We tried bringing Becky with us to our Sufi group — Adinah wanted to show how cute she was — but the kid took an immediate dislike to the music, and Adinah had to take her outside when she started bawling. Adinah looked martyred and dismal, standing in the hall jiggling the baby against her shoulder. So I made the noble gesture of staying home with Becky on the nights Adinah felt a need to retune her consciousness to the eternal. I was sort of lapsing out of Sufism by then anyway.
Around this time, I talked Adinah into letting me photograph her stepping out of the tub. Nothing lurid, but I took the film to a friend’s darkroom, no Kodak lab for these. “I look so pale,” Adinah said when she saw them, but she liked them, I could tell. They had the abstraction of black-and-white, and in the arcs and mounds and dimplings, the blurred aureoles and dusky triangle, Adinah’s personal flesh was elevated, made marble. We were otherwise in a morass of baby poop and bananas and spit-up. We never went out, what would we pay a sitter with? Our sex life was still okay, more than okay, but not all that frequent, and the pictures did us good, they felt like proof. I may have needed them more than Adinah did.
At my office I was such a pest with my baby portraits that some supervisor decided I should go photograph clients, to show them working productively at the jobs we’d nagged them into getting. I loved this assignment — J. Perez putting a pizza in the oven, A. LaMarca sticking her butt out to lean across a file cabinet, X. Jones leading the hokey-pokey at a day-care center. When a neighborhood newspaper picked up some of the day-care shots, I was so thrilled that I kept bothering the editor to buy more photos of mine. A million stories in the naked city. I got a great one of two guys fighting over their place in line at an Elvis memorial — eyes wild, jackets flailing, and they both had Elvis hairdos — and this was such a hit that a real newspaper (a major paper, if not our best) bought it, and eleven months later I talked them into a staff job.

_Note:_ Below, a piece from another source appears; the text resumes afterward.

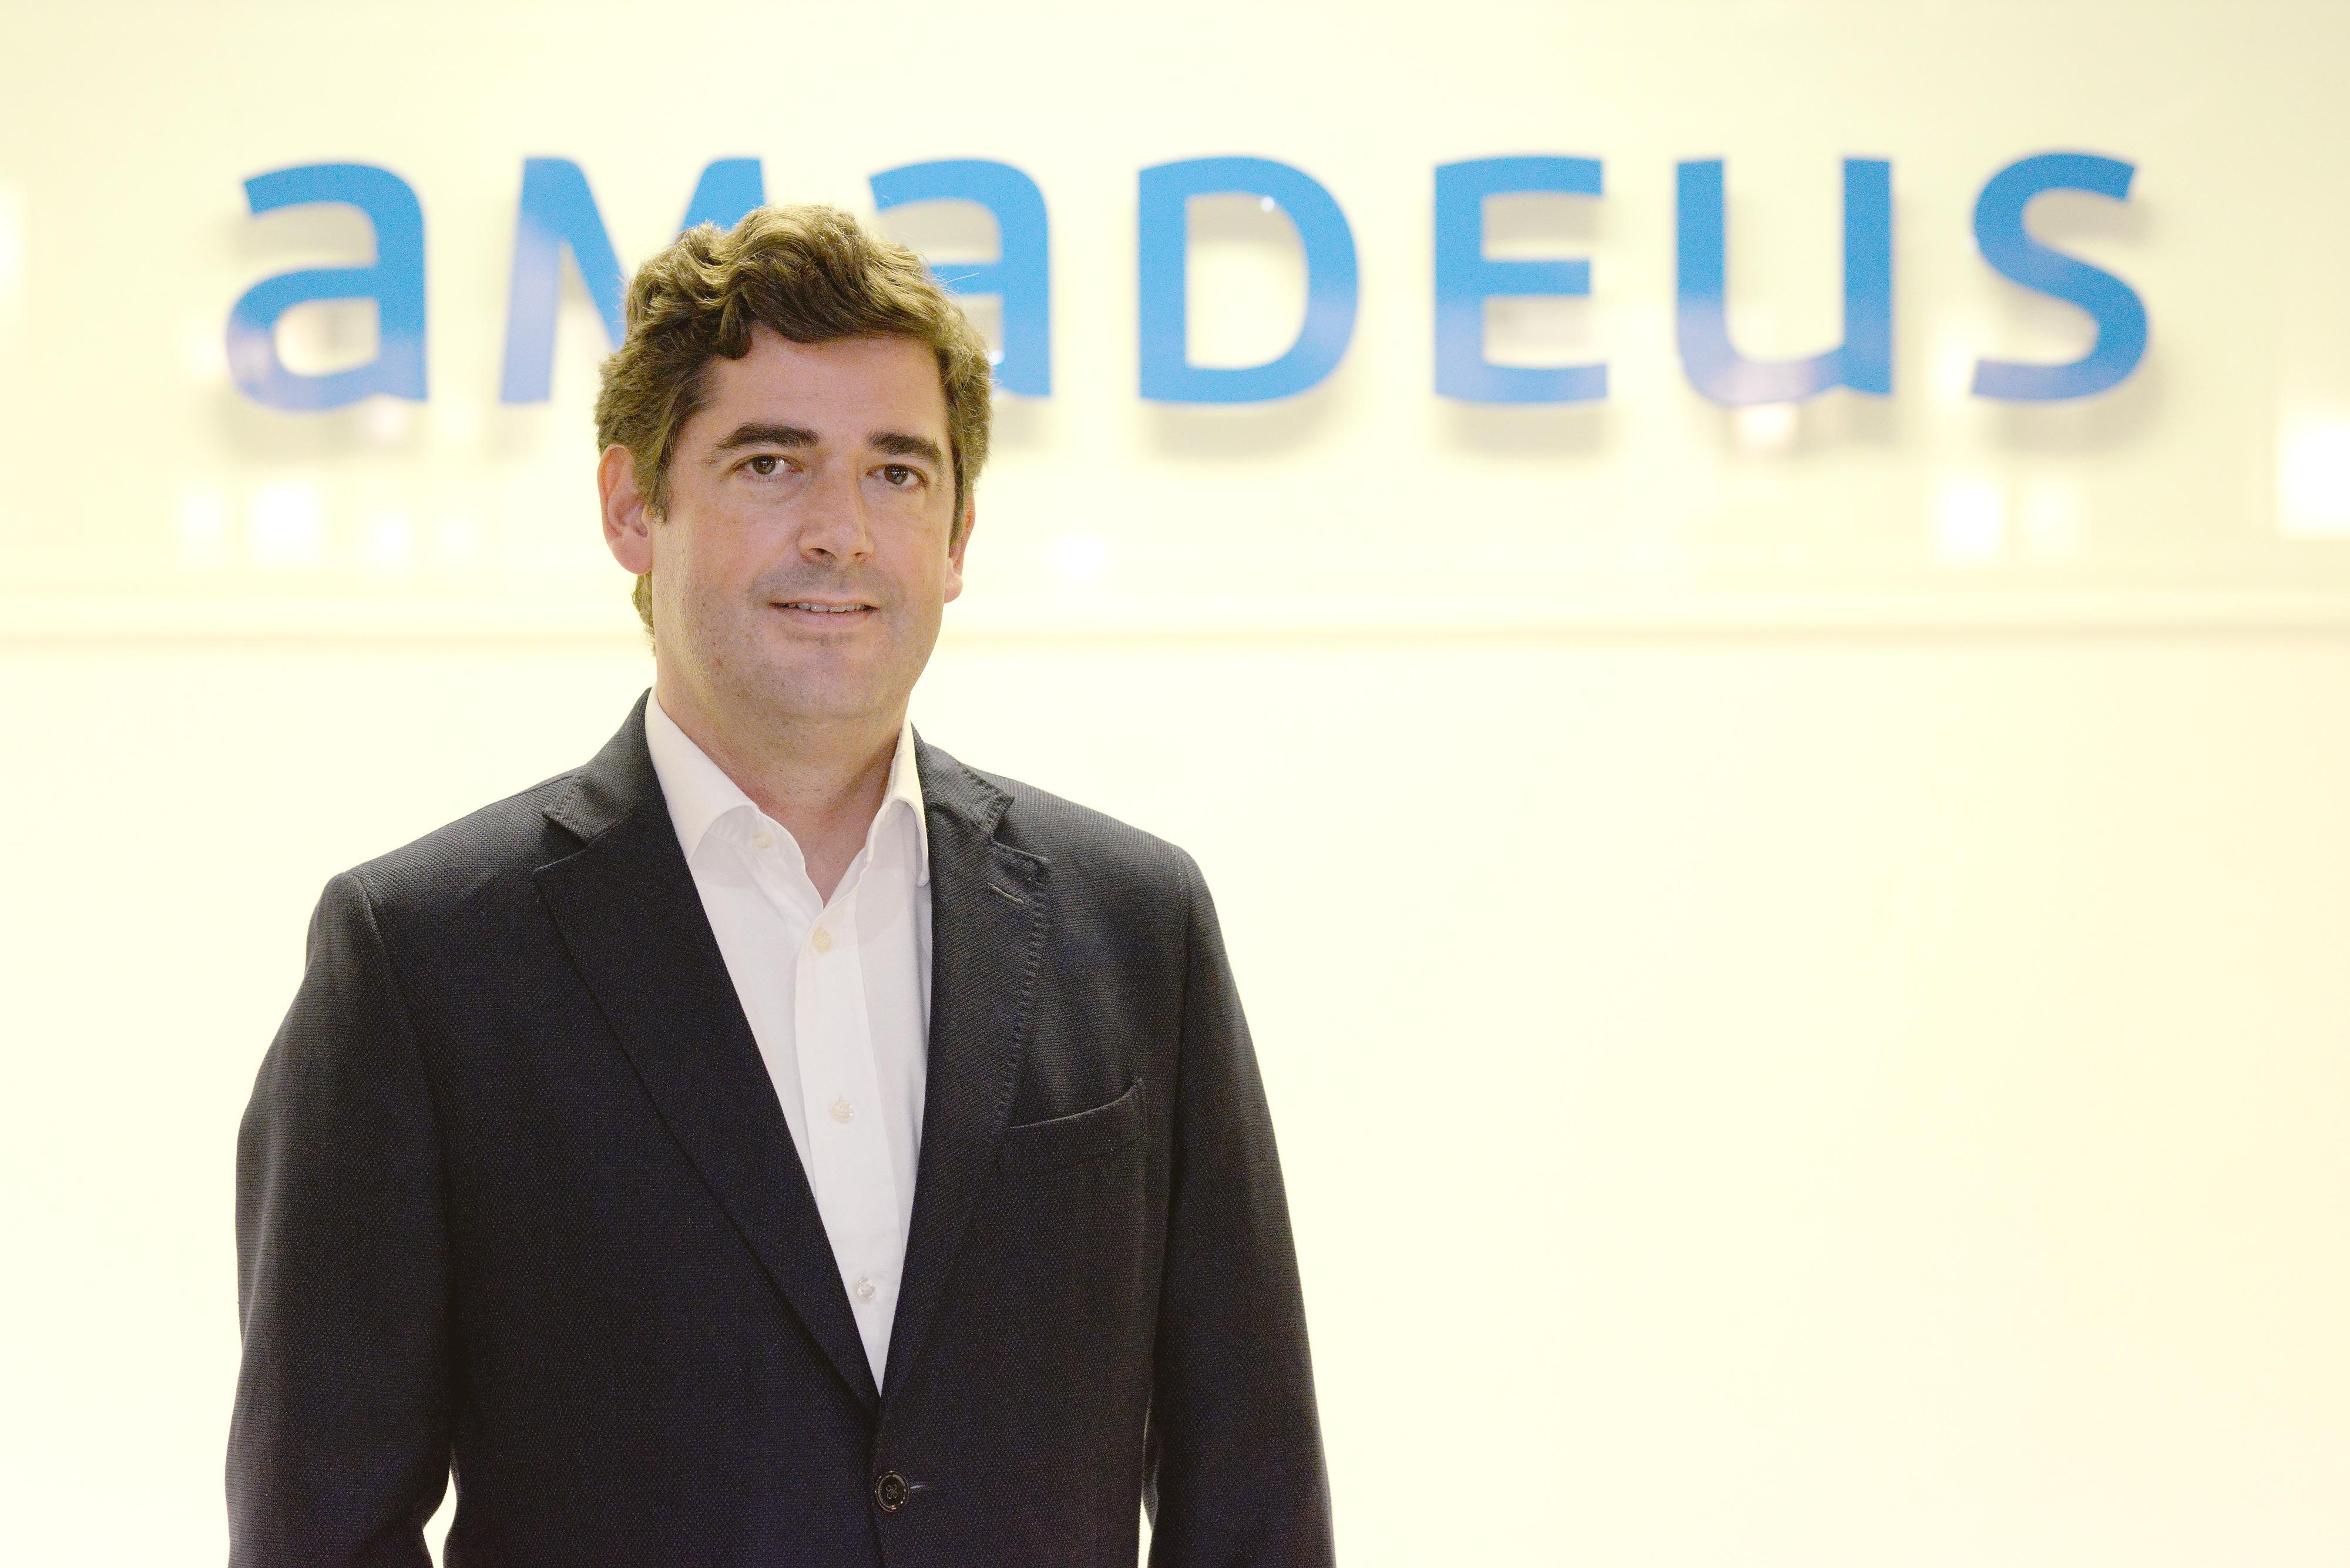 Pablo Alonso, Human Resources Director, APAC, Amadeus

I had two things going for me: I knew how to handle myself on the street and I had enough cool to move in fast for a shot and get it before it was gone. Sometimes they sent me out with the police reporter, when they needed someone in a hurry. Blood and gore. Me, holding my flashing camera over a facedown body, with cops all around making terrible jokes. All in a day’s work.
Adinah hated hearing my stories. “Don’t tell me about it,” she said. “I can’t stand it when people get all hip about how close they can get to evil. Like their numbness is something to brag about. It’s really kind of revolting.”